In certain embodiments, the neural network model 630 is a transducer model.

Fig. 7 illustrates a flowchart of a process 700 of determining a transformation relationship between images according to an embodiment of the present disclosure. In some embodiments, process 700 may be in computing device 120 in fig. 1. A process 700 for determining an image transformation relationship according to an embodiment of the present disclosure is now described with reference to fig. 1. For ease of understanding, the specific examples mentioned in the following description are illustrative and are not intended to limit the scope of the disclosure.

As shown in fig. 7, at 702, the computing device 120 may determine a number of matching points based on the location information of the at least one keypoint on the first image and the location information of the at least one keypoint on the second image. And, at 704, the number is compared to a threshold number. As an example, computing device 120 may determine whether the number of matching points for each query picture is greater than a threshold number, and discard the picture if the requirements are not met. When the number is greater than the threshold number, at 706, the computing device 120 may determine pose information for the first image. As an example, computing device 120 may calculate the pose of the query picture using PnP (PERSPECTIVE-n-Point) algorithm. Further, at 708, the computing device 120 may determine a transformation relationship of the first image to the second image based at least on pose information of the first image. As an example, the computing device 120 may determine the transformation relationship (rotation, translation, scaling, etc.) of the first image to the second image using, for example, a RANSAC algorithm, taking the newly calculated pose of each query image as reference coordinates.

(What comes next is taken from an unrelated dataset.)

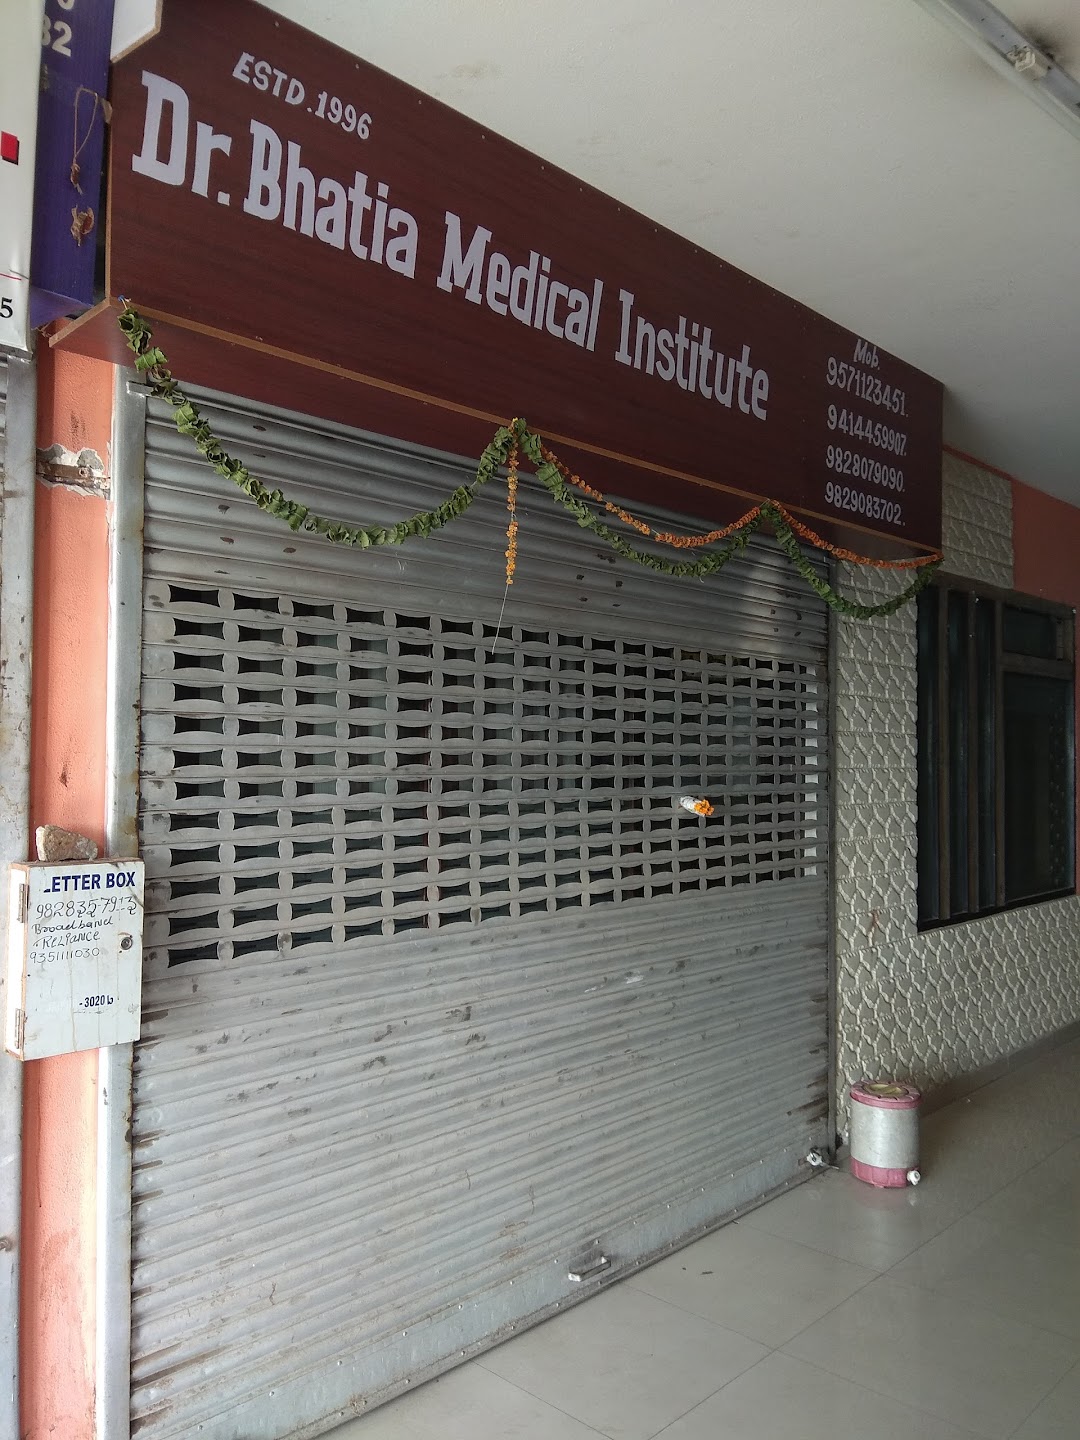 Dr Bhatia Medical Coaching Institute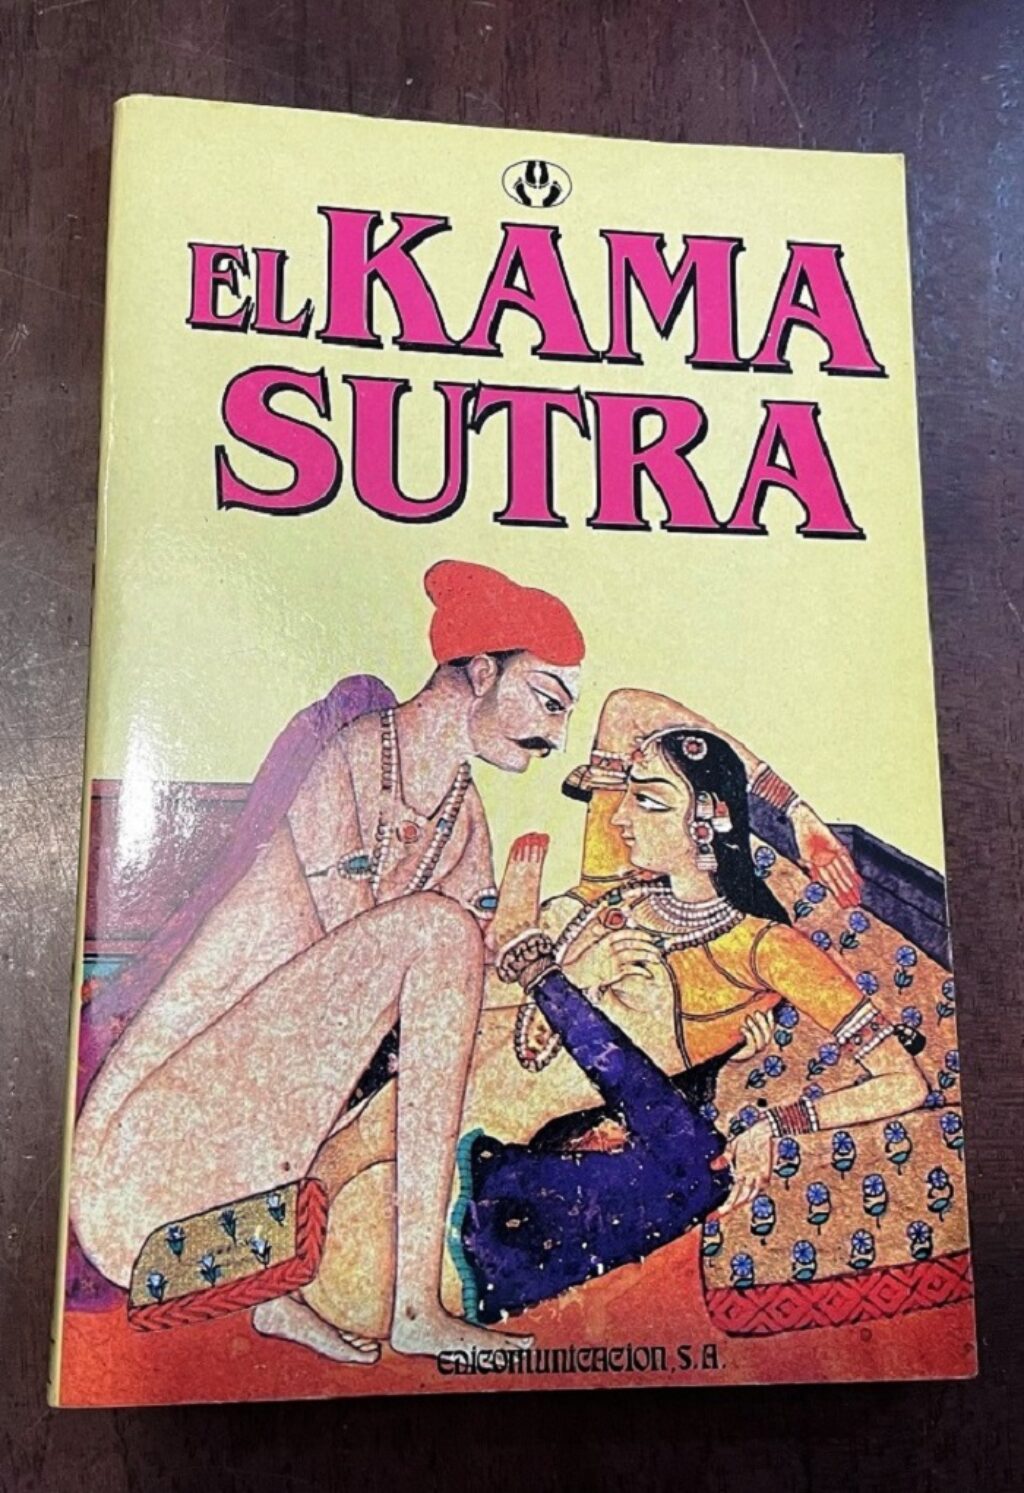 Portada de el Kama-sutra, el antiguo texto hinduista que trata sobre el comportamiento sexual humano.

Further, the transformation relationship may be applied to, for example, a query map, resulting in a fusion of the query map to a reference map.

In some embodiments, if the original construction project of the query map exists (such as map points, matching relations and the like), the fine matching points can be used as control points, the pose fused in the previous step is used as an initial pose, and nonlinear optimization is adopted to further optimize the pose, so that a fusion result with higher precision is obtained.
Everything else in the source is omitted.